Alaska is the largest state in the United States by area but has the lowest population density with approximately 1.2 people per square mile on average (US Census, 2020). Population density is highly location dependent across the state with two densely populated and highly interconnected economic regions and many sparsely populated rural areas only accessible by boat or plane. The unique community dynamics in Alaska, paired with its 800 km physical distance from the contiguous United States (hereafter, Lower 48), has the potential to contribute to unique patterns of SARS-CoV-2 variant emergence and spread.
Here, we report on the striking difference in prevalence of SARS-CoV-2 variant B.1.1.519 (Rambaut et al., 2020) between Alaska and the Lower 48 in early 2021. Based on all publicly available genomes outlined in outbreak.info, B.1.1.519 has been detected in at least 72 countries. At its peak, B.1.1.519 comprised around 3% of sequenced cases globally (Mullen et al., 2020) with the highest prevalence observed in Mexico where the lineage was first recognized and comprises 7,959 of 54,886 (14.5%) sequenced genomes (Rodriguez-Maldonado 2021). B.1.1.519 was detected at relatively low levels across the Lower 48 but was never characterized as a variant of concern (VOC), variant of interest (VOI), or variant being monitored (VBM) by the Center for Disease Control and Prevention (CDC). In contrast, the World Health Organization designated B.1.1.519 a variant under monitoring (VUM) on June 20, 2021, implying the potential future risk until November 2021 when Delta became the dominant variant globally (World Health Organization [WHO], 2021). This classification was in part due to the several key mutations B.1.1.519 encodes including amino acid substitutions T478K, P681H, and T732A in the spike (S) protein, that may affect affinity to the SARS-CoV-2 receptor, human angiotensin I converting enzyme-2 (hACE-2). Notably, a study examining the clinical impact of B.1.1.519 infection in Mexico City found patients infected with B.1.1.519 displayed a significant increase in the severity of COVID-19 respiratory tract symptoms relative to patients infected with non-B.1.1.519 variants (Cedro-Tanda et al., 2021).
In this study, we report the emergence, prevalence, and viral traits of SARS-CoV-2 lineages circulating in Alaska from 2,233 sequenced specimens collected between the first week of December 2020 through the last week of June 2021, after which B.1.1.519 was no longer detected. Using SARS-CoV-2 sequence data from the United States available on NCBI GenBank by the CDC and its contracted labs, we explore how the trend in B.1.1.519 and other variants observed in Alaska compared to trends across the Lower 48. These results are used to make predictions about the future of SARS-CoV-2 in Alaska and highlight the importance of continued genomic surveillance for aiding efforts in controlling the pandemic.
Materials and Methods
Retrieving SARS-CoV-2 Sequence Data for Alaska
The data presented here were generated as part of the Alaska SARS-CoV-2 Sequencing Consortium which is a partnership between the University of Alaska and the Alaska Division of Public Health (AKDPH) with the aim to increase genomic surveillance of variants. On February 14th, 2022, we downloaded 2,323 sequences from samples collected between 2020-11-29 to 2021-06-26 available on GISAID for subsequent analysis (Shu &McCauley, 2017; Elbe &Merret, 2017). Genome sequencing in Alaska is from a non-targeted sample of cases, which is the best available approximation of random samples despite potential disparate coverage across Alaska’s economic regions. We used these data to estimate the prevalence of lineages per week on dates beginning on Sunday.

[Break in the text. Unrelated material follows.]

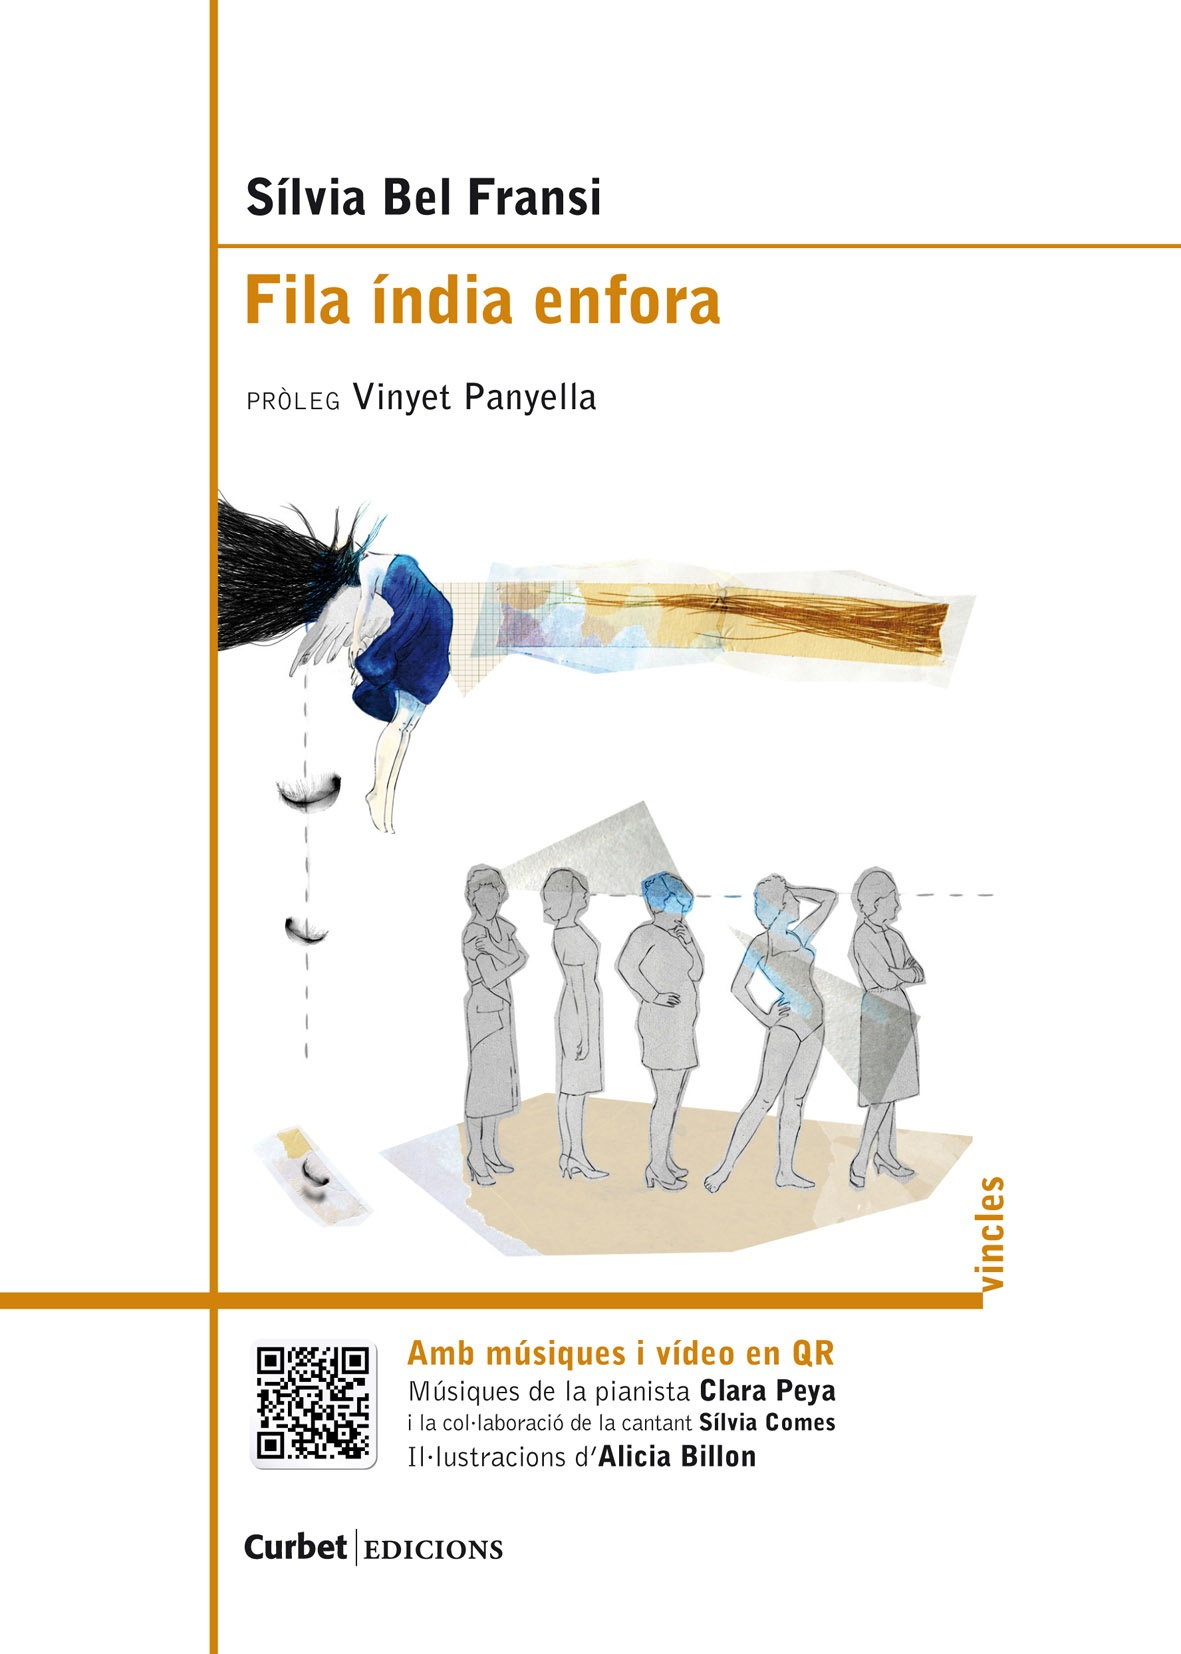 Festa presentació Fila índia enfora
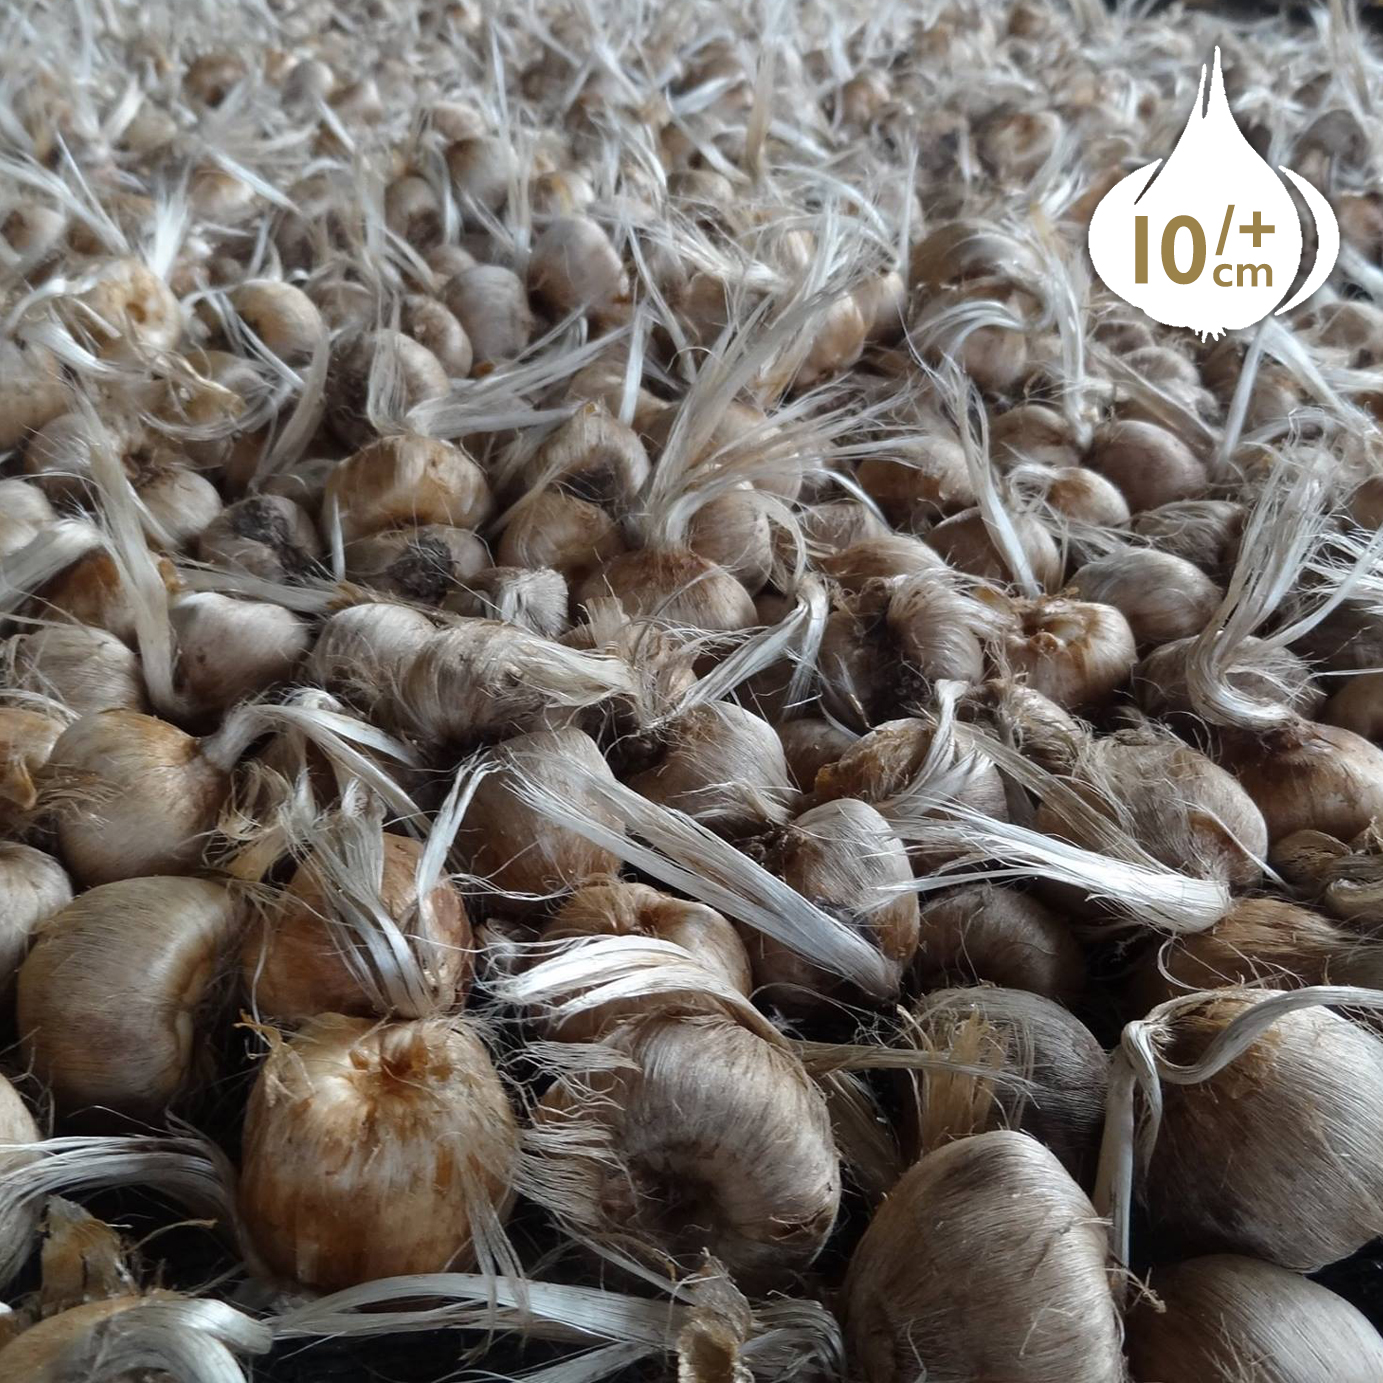 Wholesale Saffron Bulbs (Crocus Sativus) - Buy Saffron Crocus Bulbs

Analysis of SARS-CoV-2 Sequence Data for Alaska
Lineages were determined by running sequences through PANGO-v 1.2.124, Pangolin v 3.1.20, and pangoLEARN v 2/2/22, and Scorpio v 0.3.16 (O’Toole et al., 2021). We estimated the prevalence of genomes grouped by the emerging lineages including B.1.617.2 and AY sublineages (Delta), B.1.1.519, B.1.427/429 (Epsilon), B.1.525 (Eta), B.1.617.1 (Kappa), C.37(Lambda), B.1.526 (Iota), B.1.621 (Mu), B.1.351 (Beta), P.1 (Gamma), and B.1.1.7 (Alpha). Genomes that did not fall into these lineages were grouped together into the category ‘Not Emerging Lineage.’ The number of Spike protein amino acid substitutions was determined using Nextclade (v 1.13.2) with ‘bad’ quality genomes, as determined by Nextclade’s algorithm for quality, removed prior to analyses (Aksamentov et al., 2021). Nextclade’s quality control incorporates six individual rules based on missing data, mutations, and amino acid changes as described in the online documentation.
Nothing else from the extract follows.